Hint: If you decide to write a SQL query, note that you can use single quotes inside your query for string literals (e.g., `'Seattle'`). Also, it does not matter what you name the output column as, since that information is not dumped to the output.

2. Implement the same query as above, but use the `RDD` API. You can convert a `Dataset` to a `JavaRDD` by calling `javaRDD()`, which we did for you in the skeleton code. Save the EMR output as `q2.txt` and add it to your repo. (20 points) [Result Size: 79 rows (50 rows on the small dataset), 15 mins on EMR]

3. Find the number of non-cancelled flights per month that departs from each city, return the results in a RDD where the key is a pair (i.e., a `Tuple2` object), consisting of a `String` for the departing city name, and an `Integer` for the month. The value should be the number of non-cancelled flights. Save the EMR output as `q3.txt` and add it to your repo. (20 points) [Result Size: 4383 rows (281 rows on the small dataset), 17 mins on EMR]

4. Find the name of the city that is connected to the most number of other cities with direct flights. Return the result as a pair that consists of a `String` for the city name, and an `Integer` for the *total number of flights* (not cities) to the other cities. Save the EMR output as `q4.txt` and add it to your repo. (25 points) [Result Size: 1 row, 19 mins on EMR]

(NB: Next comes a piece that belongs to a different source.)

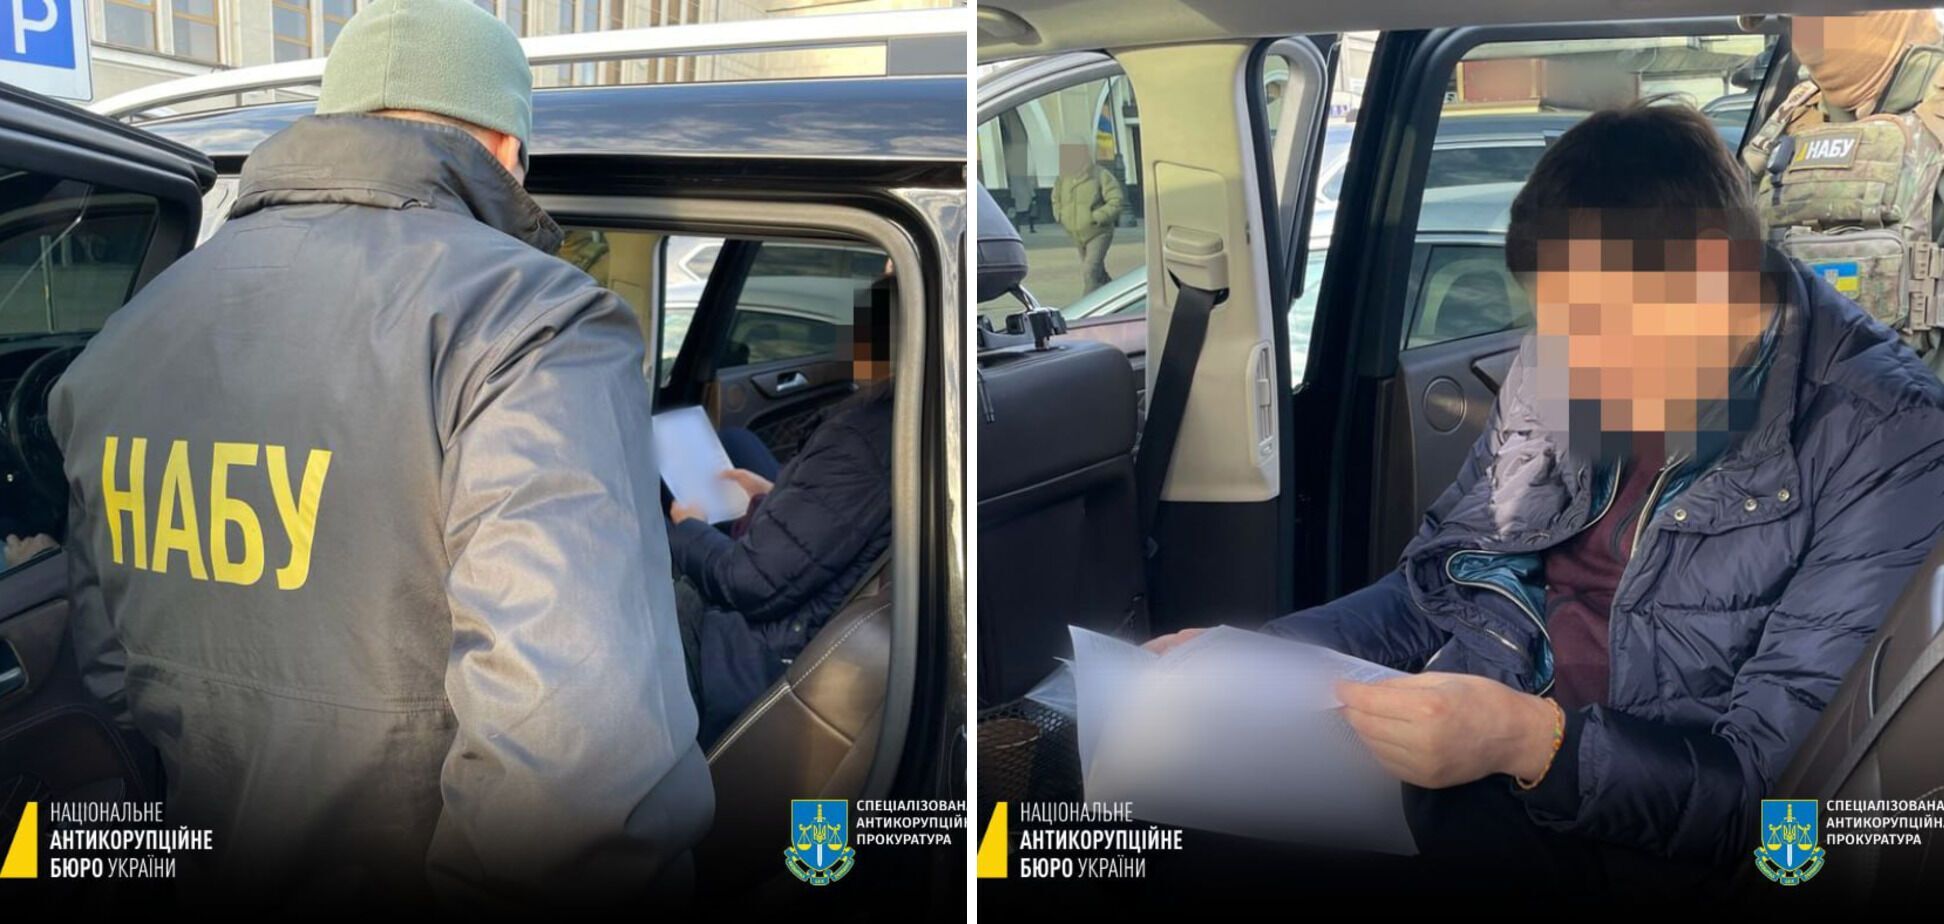 Нардепу Одарченко вручили подозрение

Hint: [check out this post](https://stackoverflow.com/questions/35389219/task-not-serializable-exception-in-spark-while-calling-javapairrdd-max) if you get a "Task Not Serializable exception in Spark" exception.

5. Compute the average delay from all departing flights for each city. Flights with NULL delay values (due to cancellation or otherwise) should not be counted. Return the results in a RDD where the key is a `String` for the city name, and the value is a `Double` for the average delay in minutes. Save the EMR output as `q5.txt` and add it to your repo. (25 points) [Result Size: 383 rows (281 rows on the small dataset), 17 mins on EMR]

Submission Instructions

Turn in your `q1.txt`, `q2.txt`, ..., `HW6.java` and any other Java files that you created.

**Important**: To remind you, in order for your answers to be added to the git repo,

you need to explicitly add each file:

```sh

$ git add HW6.java ...

```

**Again, just because your code has been committed on your local machine does not mean that it has been

submitted -- it needs to be on GitLab!**

Use the same bash script `turnIn_Hw6.sh` in the root level directory of your repository that

commits your changes, deletes any prior tag for the current lab, tags the current commit,

and pushes the branch and tag to GitLab.

If you are using Linux or Mac OSX, you should be able to run the following:

```sh

$ ./turnIn_Hw6.sh

```

Like previous assignments, make sure you check the results afterwards to make sure that your file(s) have been committed.